Your options depend on how much you need to transfer.

If the sum is in excess of AED 72,000 contact me & I can get you a quick transfer with wholesale exchange rate.

If less than that, you can go to a main branch of HSBC & they can action it for you. Did you deliver the form or put in through an ATM? If so, it should now be activated. Failing that you can transfer using Western Union, for a charge.

-


----------



## Elphaba (Jan 24, 2008)

Apologies for confusion. Wholesale exchange rates are available for amounts in excess of AED 72,000 (GBP 10,000 USD 20,000 or equivalent in any currency).

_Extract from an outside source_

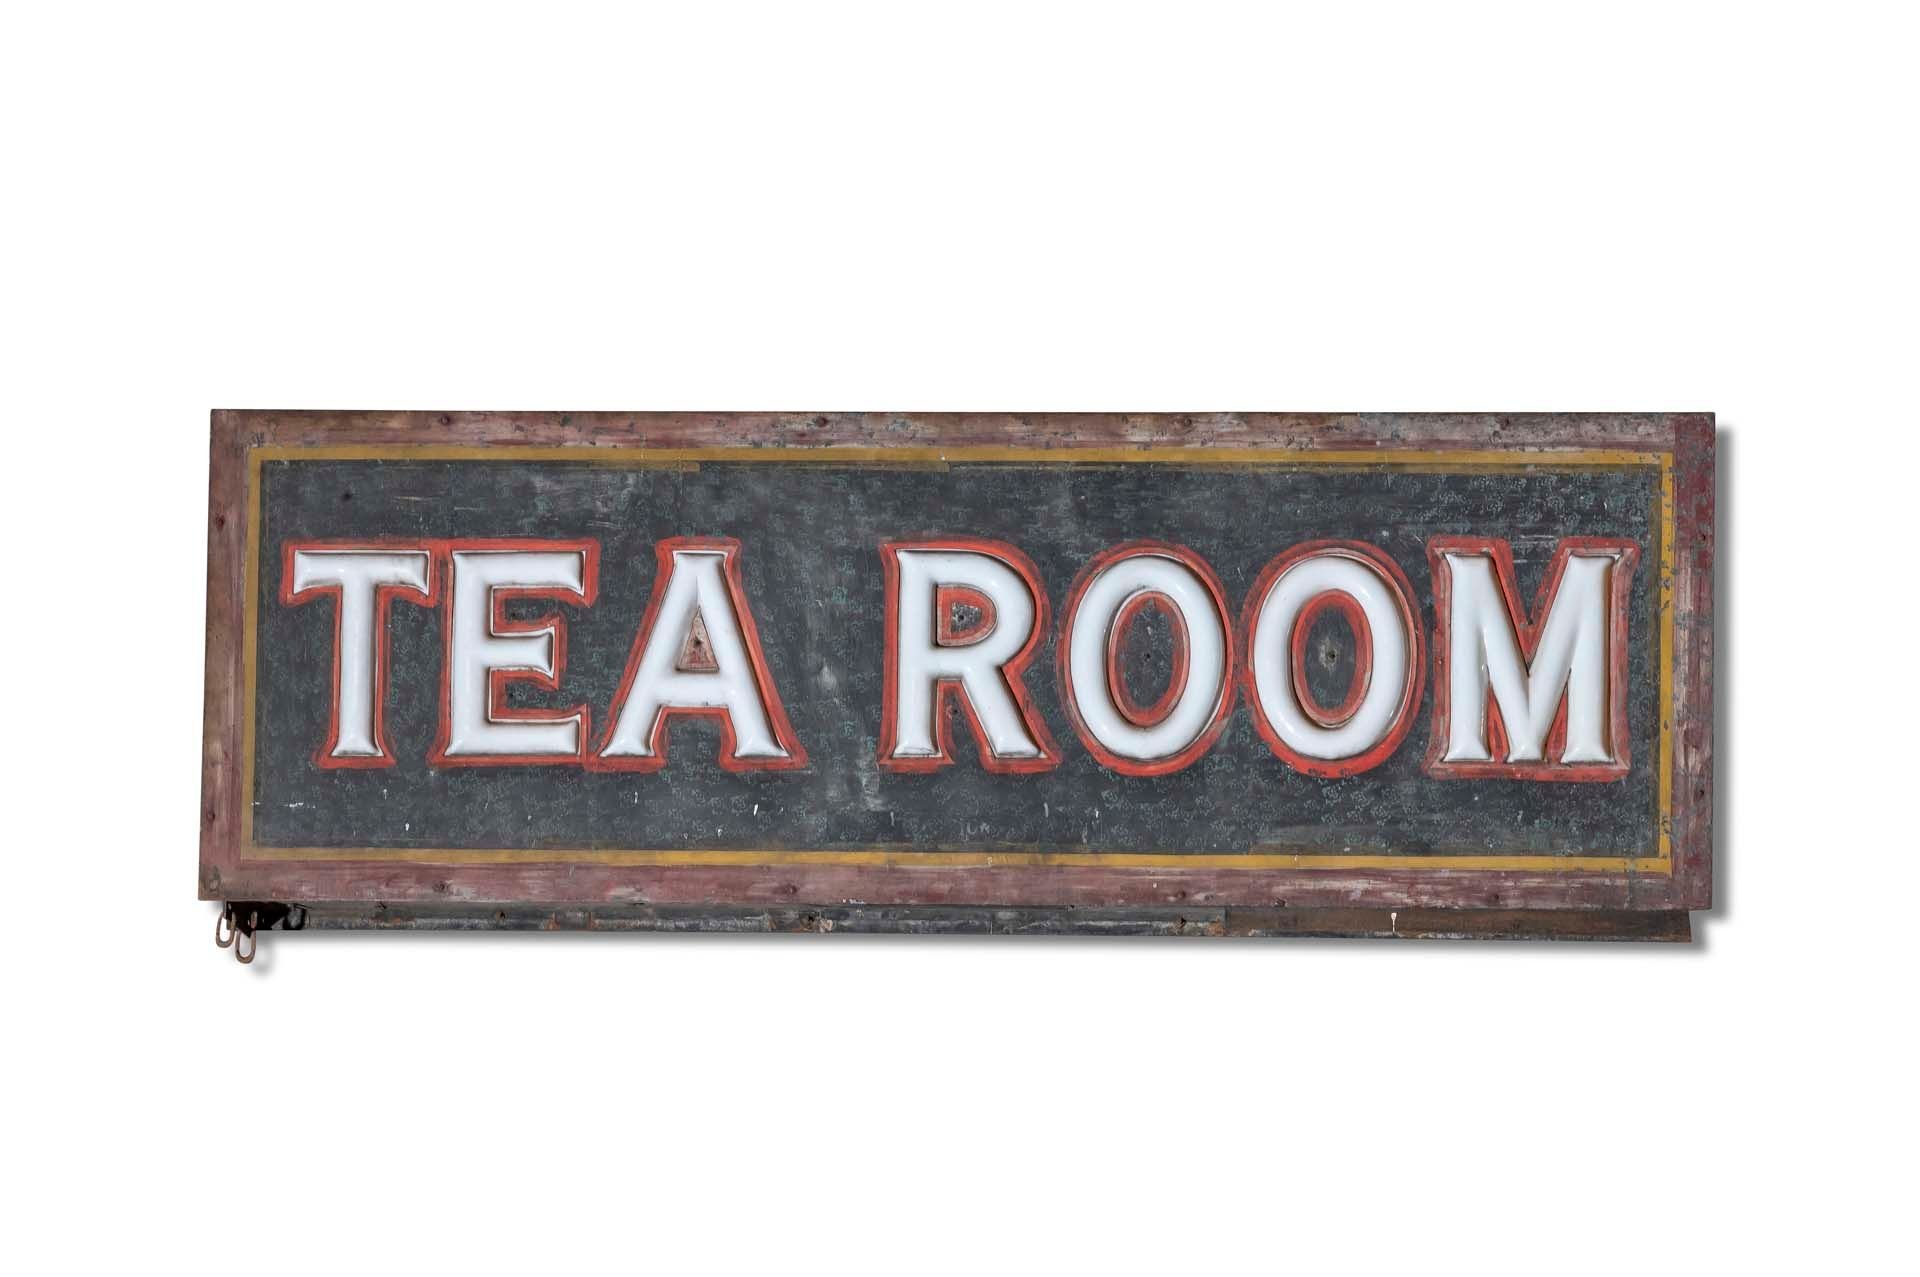 For Sale Tea Room' Lighted Metal Sign

Transfers can be doen between any currencies and are usually quicker than between retail bank accounts as well as offering more competitive exchange rates and no other charges.


-


----------



## Young Professional (Jul 7, 2008)

Could you please let me know how to transfer money from the USA to Dubai using the wholesale exchange rate? This will probably come in handy as I'll need to pay rent upfront. Thanks!


----------



## Elphaba (Jan 24, 2008)

Young Professional said:


> Could you please let me know how to transfer money from the USA to Dubai using the wholesale exchange rate? This will probably come in handy as I'll need to pay rent upfront. Thanks!


Please send me a PM.

Thanks


----------



## mangu_23 (Jan 10, 2009)

*transfer funds to Australia*

Hi Elphaba, 
I have to do a one off transfer of AED 70,000 - 75,000 towards the end of this month to my Citibank account in Australia. In your threads you mentioned you have contacts who could give me a good exchange rate + safe transfer to Australia. One of my mates suggested I go to Al Ansari. If you think your contact can offer me a better deal please ask him to mail me or give me his details for me to contact him. Many thanks.

regards,
Manguirish


----------